Peppe goes crazy

Cornelia Koepsell
Peppe goes crazy
Peppe Halbmeier was a man about 50 years old. He had medium blond hair, was medium tall, medium slim and medium insightful. He was a person who did not stand out in any way. He was happy.

If Peppe had been a poet – a profession that naturally would never had been an option for him since word acrobatics stand out of the crowd, which is exactly what he would want to avoid – nevertheless if he had despite all improbability become a poet, he would have written an ode or a song or a ballad on mediocrity.

Because this never happened, Peppe Halbmeier was able to enjoy his comfortable life all by himself, a life where everything and anything had an orderly place, a life where each day puttered along with measure and destination, just like the indestructible motor of his ancient VW Beetle, which he loved deeply and dearly, just as he loved everything old and well used.

In the evening, he sat at the TV flipping through the channels or worked on puzzles in his two-room apartment, always listening to the same operatic arias and thanking his maker for the wonderful day which he had been given.

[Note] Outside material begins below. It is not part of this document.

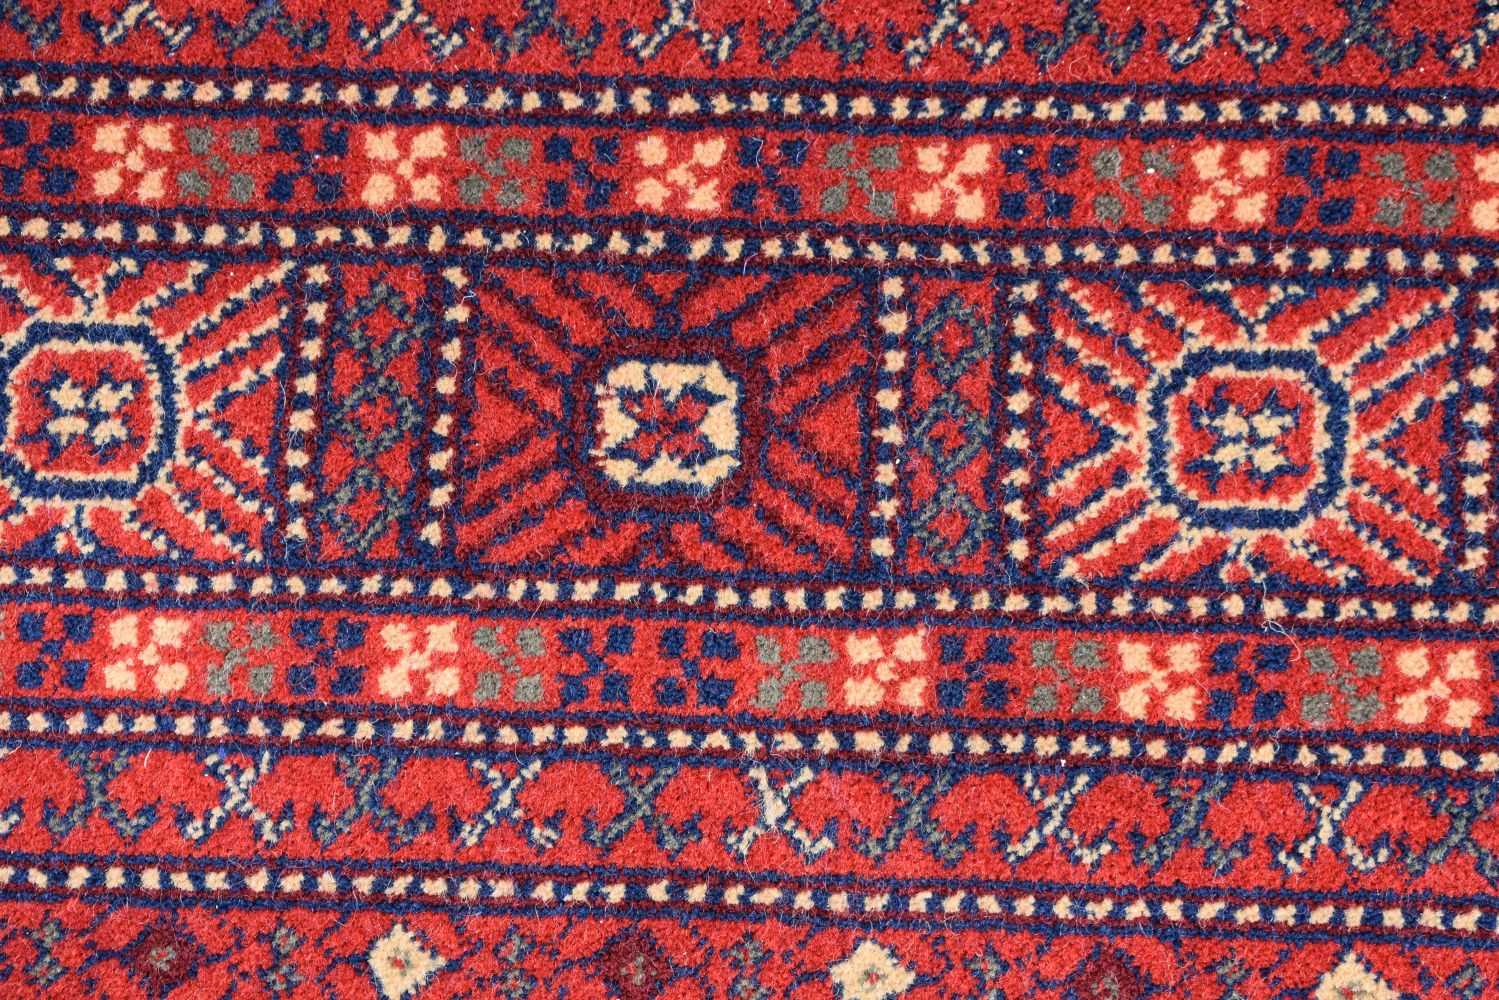 A Turkish Kirman rug 297 x 201 cm - Image 8 of 16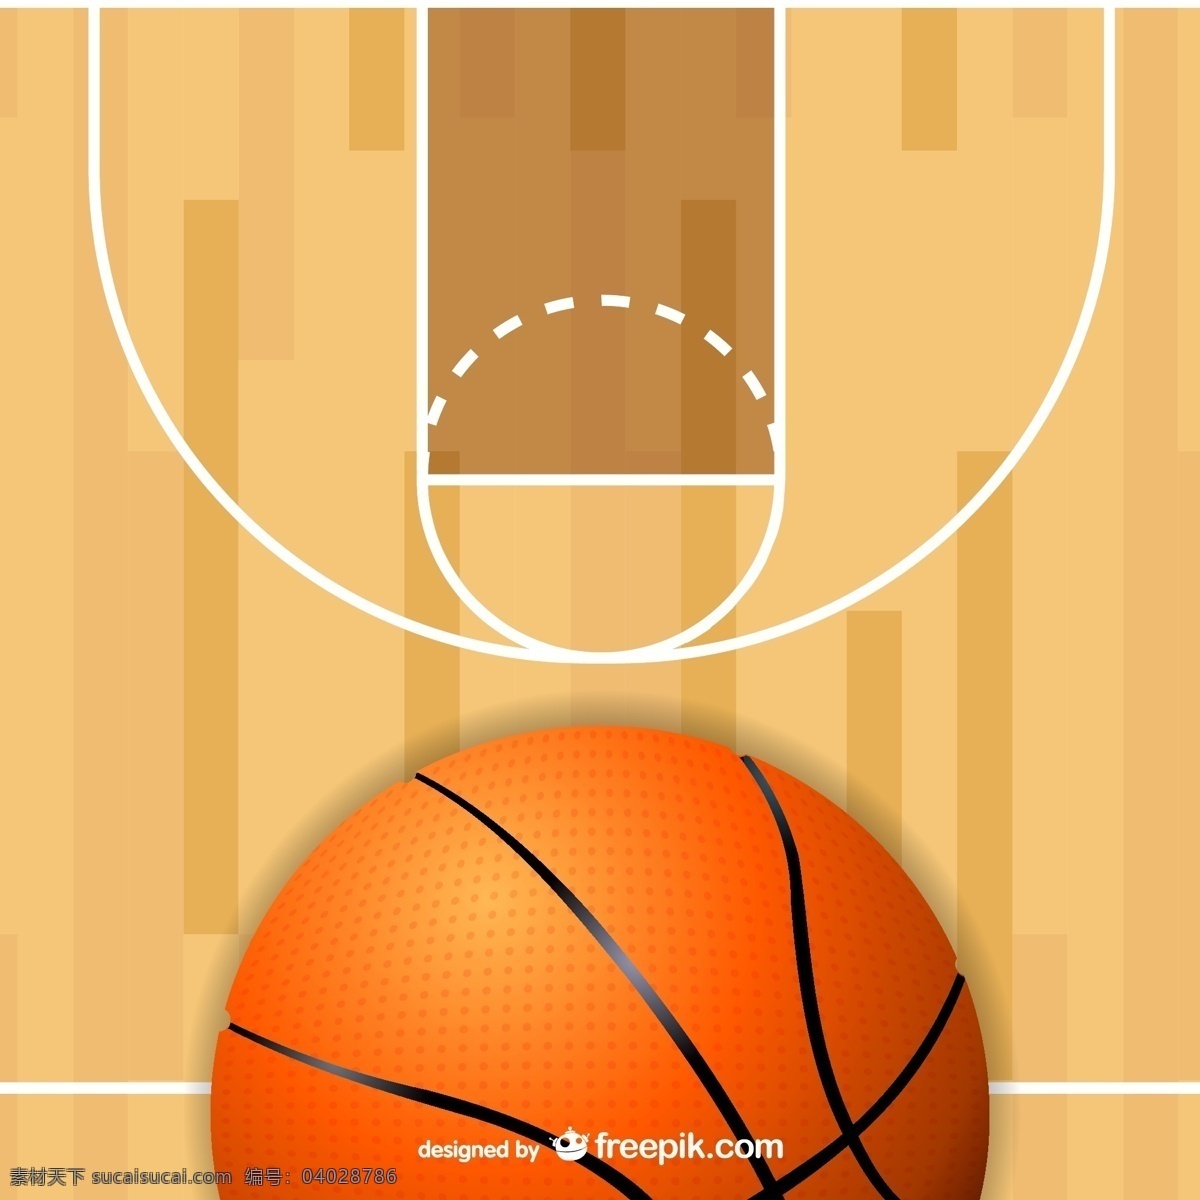 打篮球 篮球 篮球场 篮球运动 其他矢量 矢量篮球 矢量素材 矢量图片 投篮 运动 矢量 模板下载 basketball psd源文件

Shortly before his 51st birthday, a most irregular thought fell into his head and shook things up such that he was deeply shocked and nearly saw his own middle-averaged being taken away from him. Carefully, he quickly forgot that thought.

It happened on the following Tuesday evening. He had prepared his pyjama just as he always did so that the light blue fluffy fabric of the pyjama lay like a scarecrow against the pinkish blankets on the bed, so inviting and promising of another night between pillows that were nearly as old as he was. Indeed, his very own saintly mother had shaken them out for him.

Like always, at 9:30 pm on the dot he went to bed. Just as he was putting his right leg into the pyjama bottoms, that very same most irregular thought popped into his mind from the day before. What should he do?

More quickly than usual, he got into bed, interrupted his treasured ritual, did not smooth out the pillow one last time before sinking his honourably greyed head onto it. He could not wait any longer to say, lying there with hands together, his Peppe Halbmeier prayer – this time twice – in which he asked God the Almighty to let him keep his middle averageness for the next 30 to 40 years – if he should indeed live that long.

However, God – unpredictable and chaotic, characteristics that Peppe Halbmeier feared like the Devil fears holy water – God had something else planned.

In his encompassing goodness, God awarded Peppe Halbmeier a three-day long break. During this time, not one unknown thought crossed his agonized mind.

He allowed himself to hope that God had heard his prayer. After all, his request for continual middle-averageness was really quite humble, he thought, and Father God was certainly pleased with his humble servant Peppe Halbmeier.

This was not the case. On the following day, the All-Powerful sent him such a new, foreign, entirely unknown thought that Peppe actually peed in his pants from extreme shock.

“Oh my God, why have you forsaken me?” He called out in wild panic. “Have I not been your faithful, obedient servant?”

God did not listen to him. On the contrary, he sent him yet another unfamiliar thought that drilled into his head like shrapnel.
Peppe could not sleep any more. He did not want to think anything new. Not today, nor tomorrow. Did he not have a right to keep his old middle-average thought flow? Did God have the right to rip him out of his tranquillity?
With this last, truly heretical idea he grabbed his grey hair wildly. Now he had even doubted God, the Infallible.

Whomever leaves the middle path of averageness once does not have far to go to reach insanity. That is what Mama had always said. Naturally she was right – as always.
The next evening, Peppe Halbmeier sat in front of the TV and sewed up a ripped shirt with small, precise stitches. Sewing and knitting were deeply calming for him.

That was not the only reason why he had never married. No wife should enter this realm and botch up his work.

Today, everything was different. Each stitch sent a new thought into his head. He couldn't stop the fireworks. The strangest thing though was that Peppe Halbmeier did not fall on his knees begging God to give him his old life back.

The next stitch landed in his finger. He had forgotten to put on the old thimble from Mama's sewing box.

As a small drop of blood came out of the tip of his finger, Peppe Halbmeier stuck out his tongue and licked it clean. It tasted good. Then he continued sewing – without going to fetch the missing thimble.

“I'm sewing my way, Mama,” he said to the framed picture standing on the dresser. Now he had even spoken one of those new thoughts out loud. It sounded pretty manly, actually.
No lightening struck. The earth continued to turn.

On this night, after reaching for his pyjamas that he had prepared as always, he slipped them on backwards.